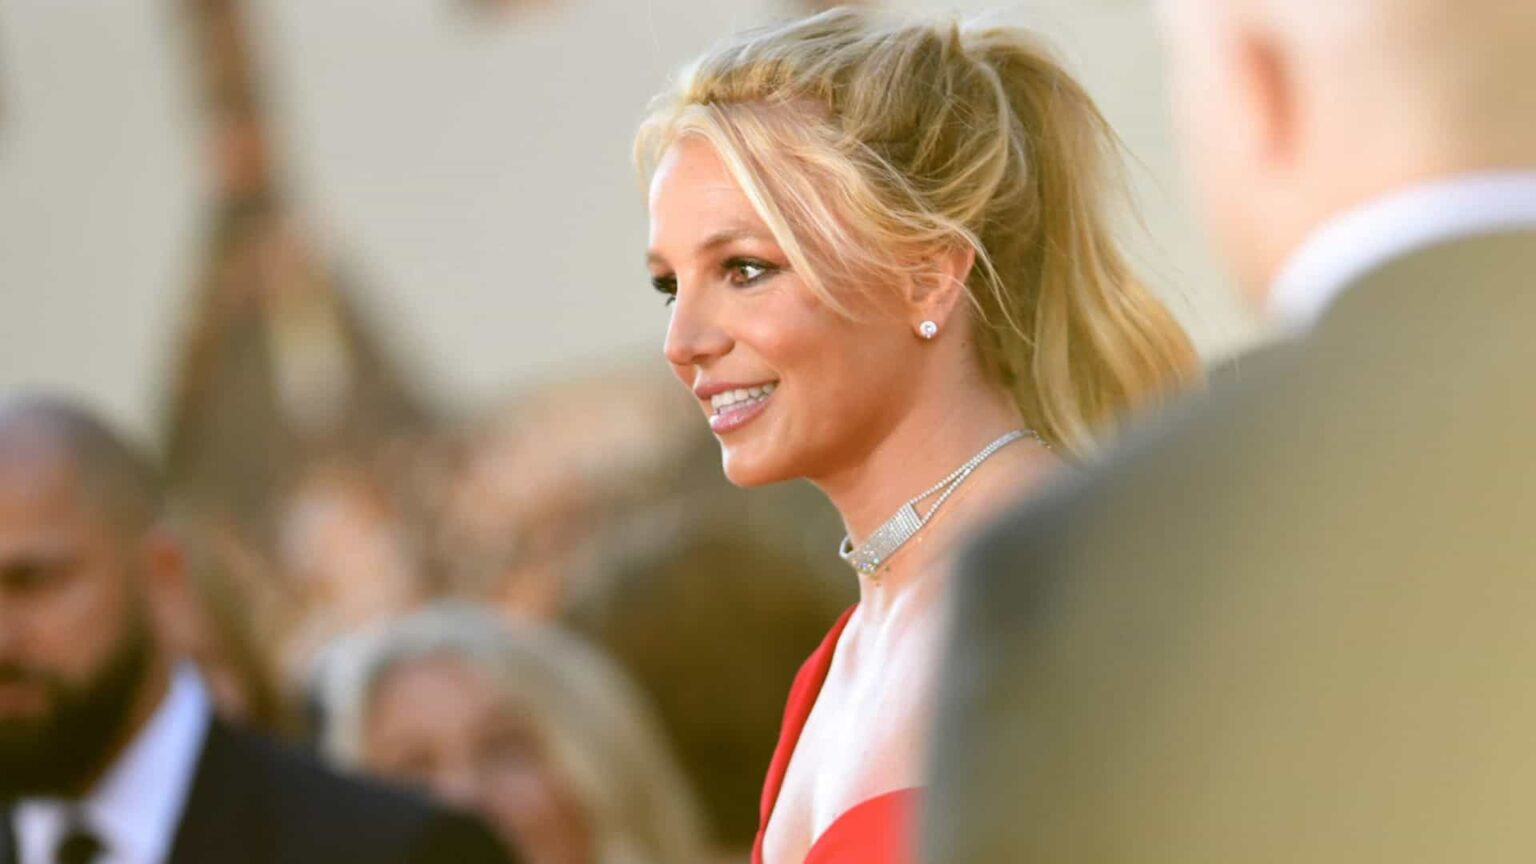 Pai de Britney Spears diz que ela tem demência para justificar tutela
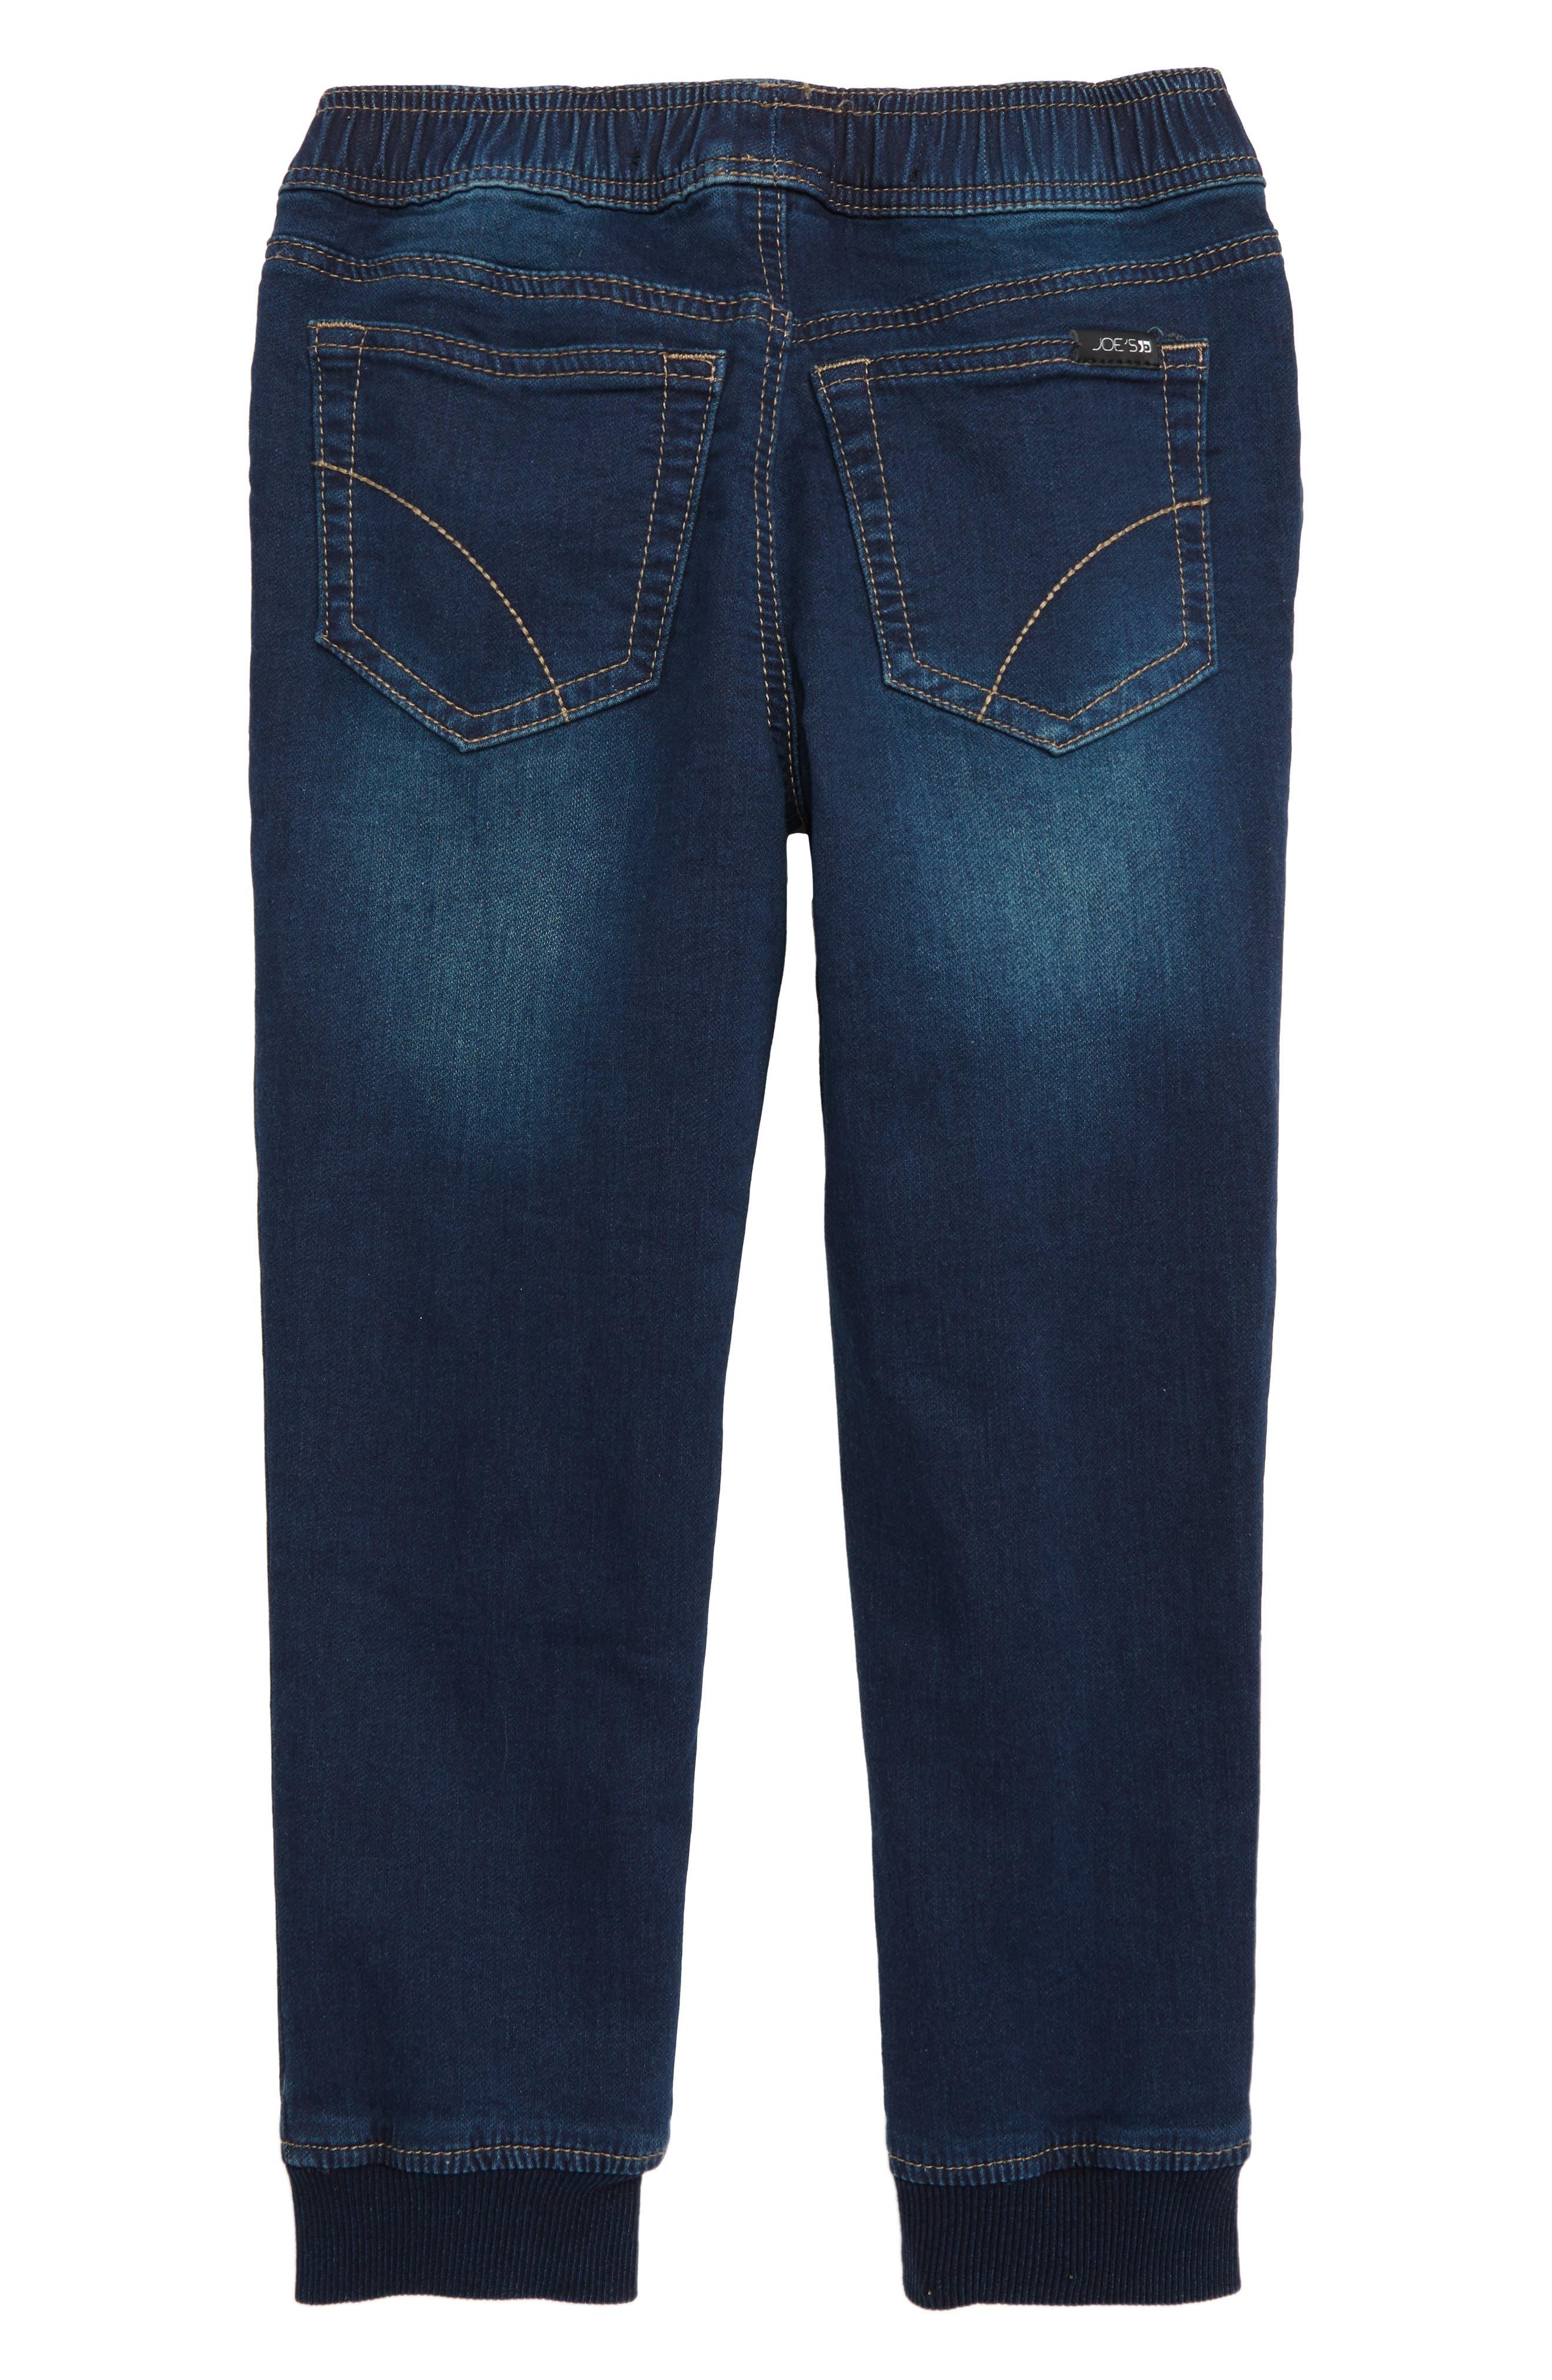 JOE'S, The Jogger Slim Fit Knit Pants, Alternate thumbnail 2, color, MARINE WASH
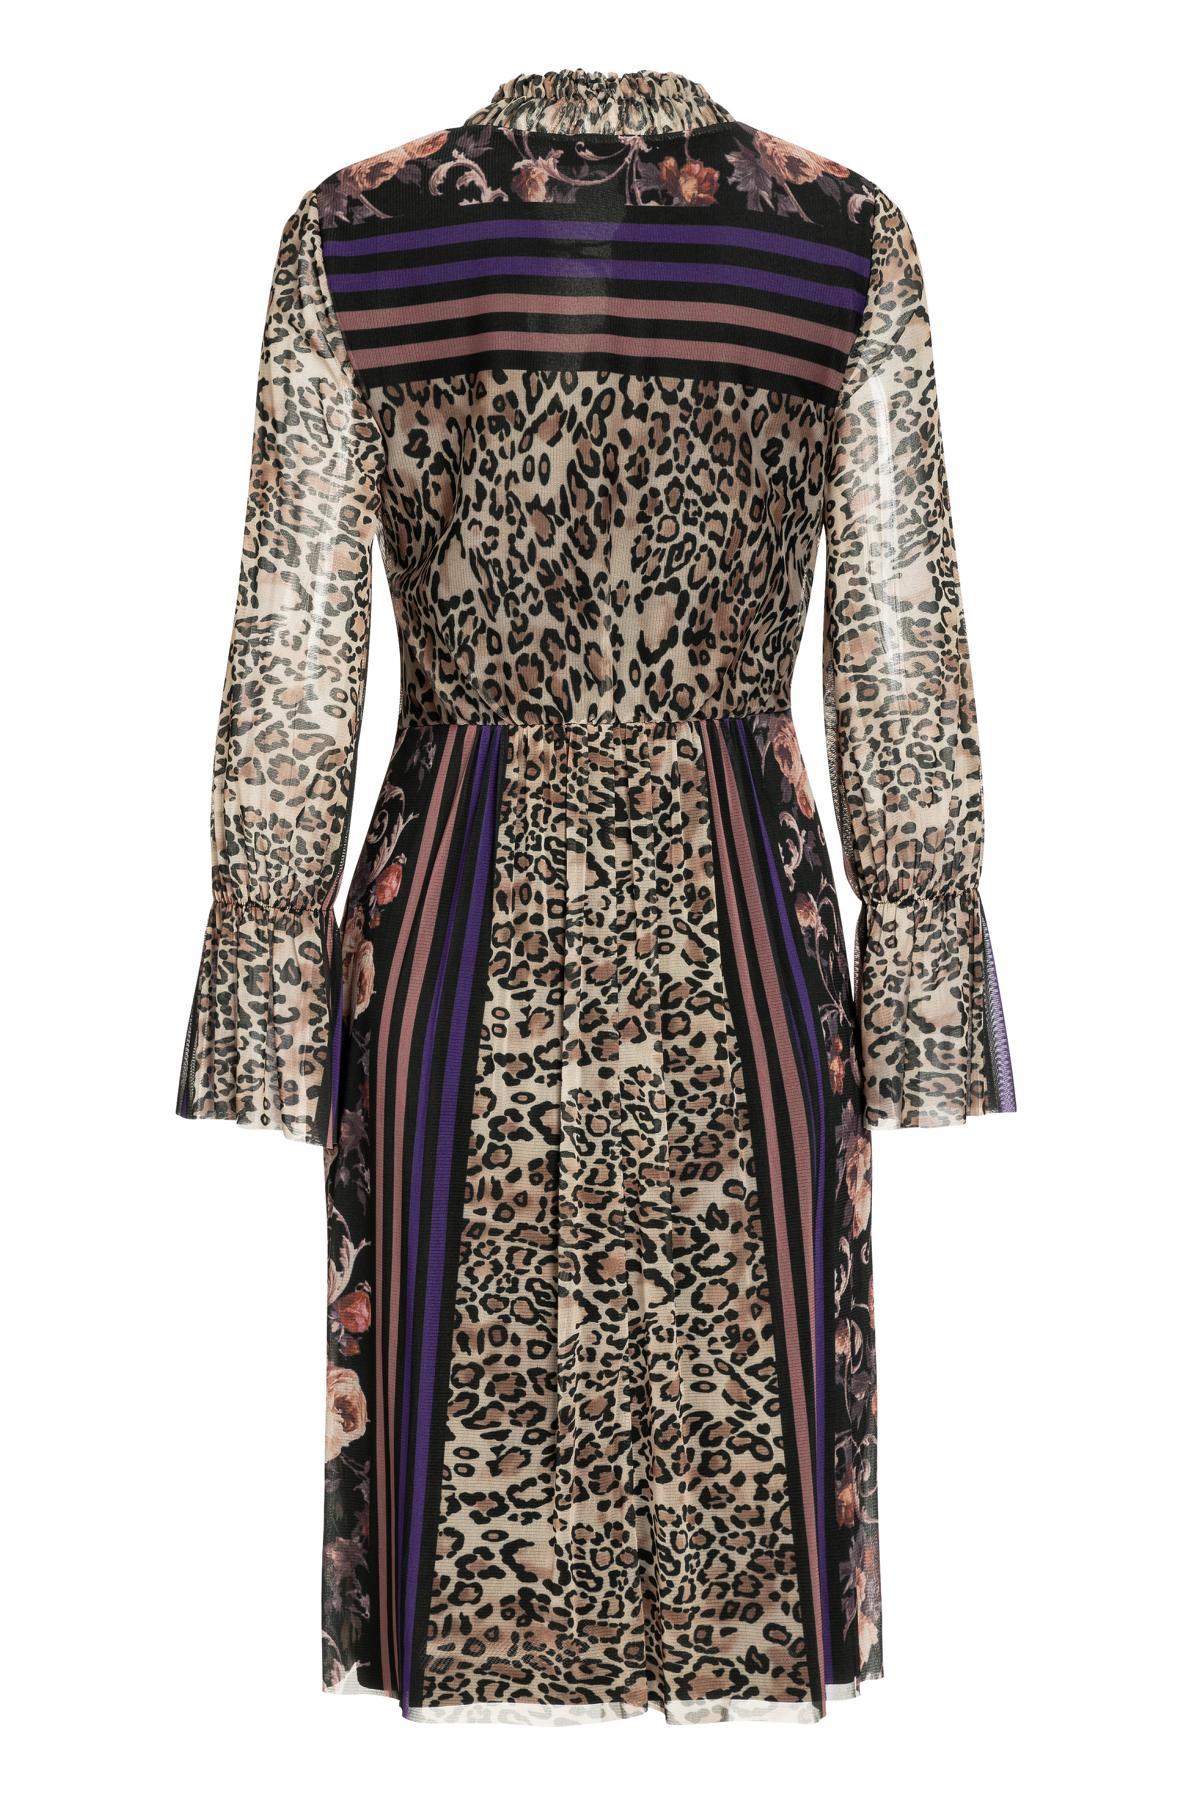 Detailansicht 2 von Ana Alcazar Romantik Kleid Vormaly

### BRIEF
No picture is to be included when the lines from the one containing "JOE'S, The Jogger" through the end of the material above are output exactly; nothing else is written.

### RESULT FOR THIS TASK
 JOE'S, The Jogger Slim Fit Knit Pants, Alternate thumbnail 2, color, MARINE WASH
 Detailansicht 2 von Ana Alcazar Romantik Kleid Vormaly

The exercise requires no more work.